Those who hated the format and just want their grades back are out of luck, at least for now. We’re going to try this for a few games. Going to be a few more duds than studs tonight.
Studs
Alexandar Georgiev
I felt bad for Georgiev, who was halfway to a shutout and was playing quite well before the wheels came off on the team in front of him. The Avs melted down and couldn’t stop bleeding chances for the final few minutes of the second period and Georgiev paid the price.
In a rare display of emotion, after the unbelievable turnover by Devon Toews led to Vancouver’s third goal in about three minutes, Georgiev smashed his stick over the crossbar and had to be calmed down by Cale Makar. It was nice to see somebody outwardly caring that things were going south so quickly.
The final box score says Georgiev had 39 saves on 42 shots but that can’t be correct with four goals scored, so we’ll just say he had nearly 40 saves on the night as the team allowed an unacceptable 23 high-danger chances.
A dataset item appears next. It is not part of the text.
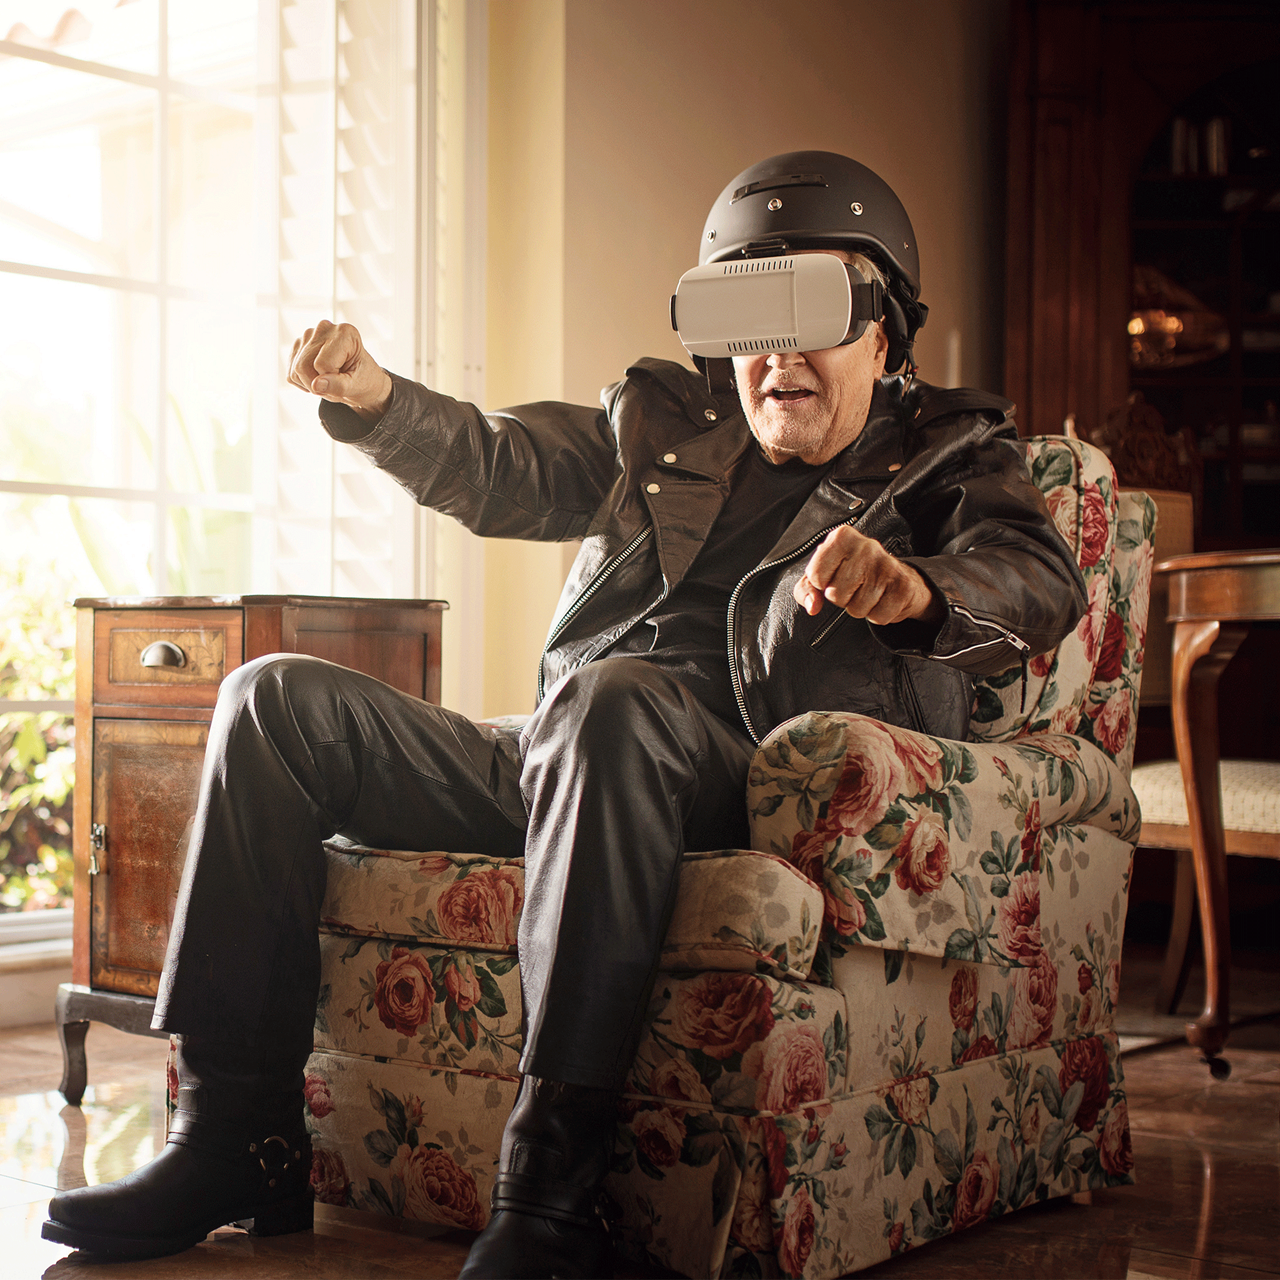 Opa in Lederkombi sitzend auf der Couch mit VR-Brille und am motorradfahren

Georgiev kept this from getting out of hand.
Colorado’s top line
Lehkonen-MacKinnon-Rantanen were two of the three point-getters on Rantanen’s first-period goal (Lehkonen the other) but the three combined for 17 shots on goal and 35 shot attempts. Of Colorado’s 35 scoring chances, this trio produced 22 of them. That they only scored one goal in the game is a continuation of the finishing problems they’ve had since the start of December (honestly, most of the year).
You couldn’t ask for too much more on offense from these guys. They are doing absolutely everything they can and not getting very much help along the way. It’s tough to see them producing an astronomical number of scoring chances in a game like this and come up empty at 5v5.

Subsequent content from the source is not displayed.